Given the thrust of commercialism forcing children, young children, to take part in Valentine’s Day it is imperative for us, as caring Muslims living in the West and sending our children to secular schools, that we plan for their future. We need to plan for them by educating them about love because knowledge forewarns and forearms.
The purpose of this article isn’t to look at the legality of Valentine’s Day, for that I find that this legal opinion suffices – http://www.dar-alifta.org/Foreign/ViewArticle.aspx?ID=4770&CategoryID=5 and I would distinguish it from Christmas and Easter, which although ubiquitous, have blatant religious connotations which Valentine’s Day doesn’t. The purpose is how do we tackle Valentine’s Day so that our children steer clear of conversations around boyfriends/girlfriends and “love” with a red rose whilst feeling compelled to acquiesce to a culture which is directly at odds with Divine Law.
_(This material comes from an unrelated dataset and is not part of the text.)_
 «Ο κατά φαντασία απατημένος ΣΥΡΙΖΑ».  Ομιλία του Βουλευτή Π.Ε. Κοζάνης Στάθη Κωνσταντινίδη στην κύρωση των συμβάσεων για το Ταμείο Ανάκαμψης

1. Speak to children about love, normalise love in the household and explain the importance of love and the problems of love – as above.
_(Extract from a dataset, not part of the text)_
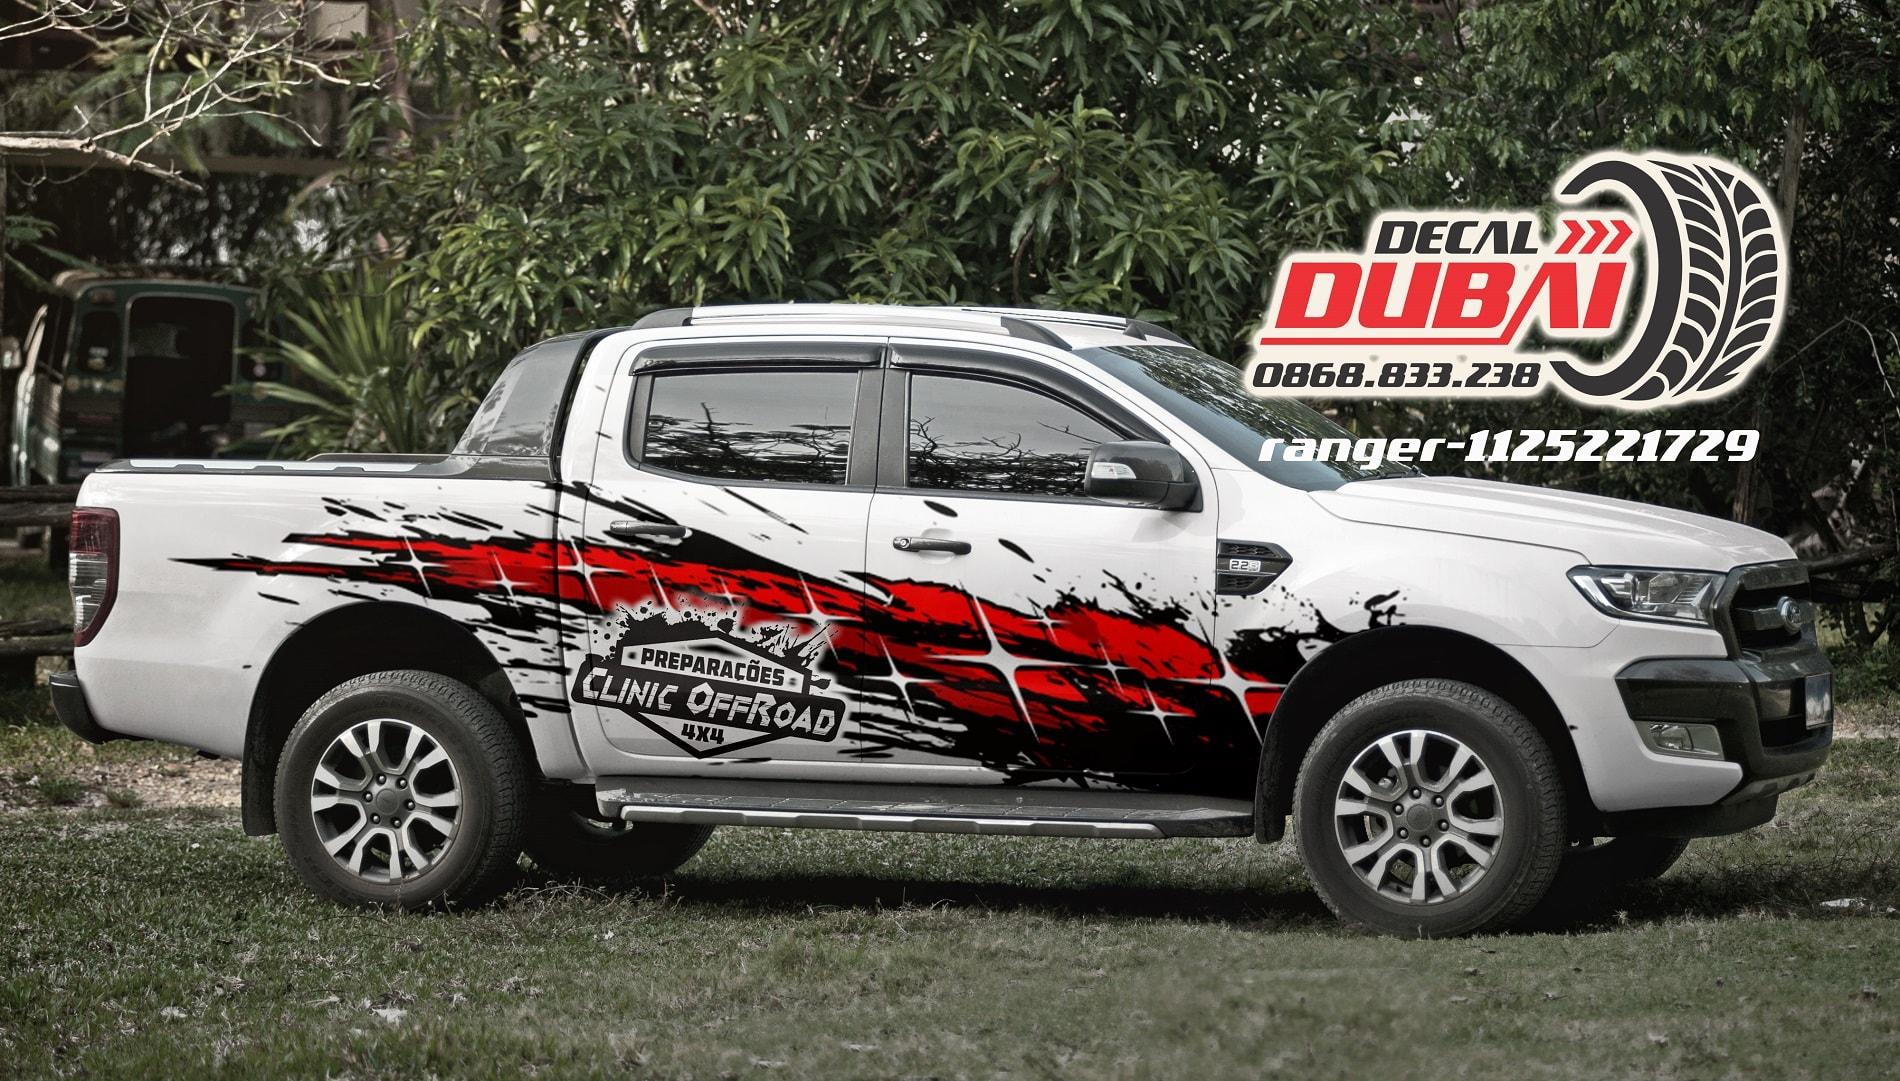 Tem-xe-ranger-1125221729-2400k-min

2. Introduce those categories of people who should be loved and the reasons why we love them.
3. Reflect on the importance of childhood and what children should be focussing on and that they will grow up and have a family – this is best done in narrating stories from Prophets and Companions.
4. Discuss the purpose of life and the reason for marriage and family i.e. to raise and nurture people who believe in Allah and that this can only take place when people are mature.
How these conversations take place and when are at the discretion of the parent. It is a delicate balance between introducing some concepts such as family and relationships too early, but also not leaving it too late. Whether we like it or not our children will be confronted with aspects of “love” and it is the parents who should dictate the conversation. Things of course get more complicated with the LGBT+ lobby who are advocating and teaching children about love from an angle totally divorced from traditional norms.
Raising children on the love of Allah and His Messenger is the key to success in this world and the next. We are planning a weekend retreat on 13/14th April 2019 looking at a traditional poem on raising Muslim children, which will be a crucial study opportunity in raising the next generation of Muslims. Further details will follow.
I end with an important verse from the Quran:
يَا أَيُّهَا الَّذِينَ آمَنُوا قُوا أَنفُسَكُمْ وَأَهْلِيكُمْ نَارًا وَقُودُهَا النَّاسُ وَالْحِجَارَةُ
O you who believe! Protect yourselves and your families (from) a Fire whose fuel (is) people and stones.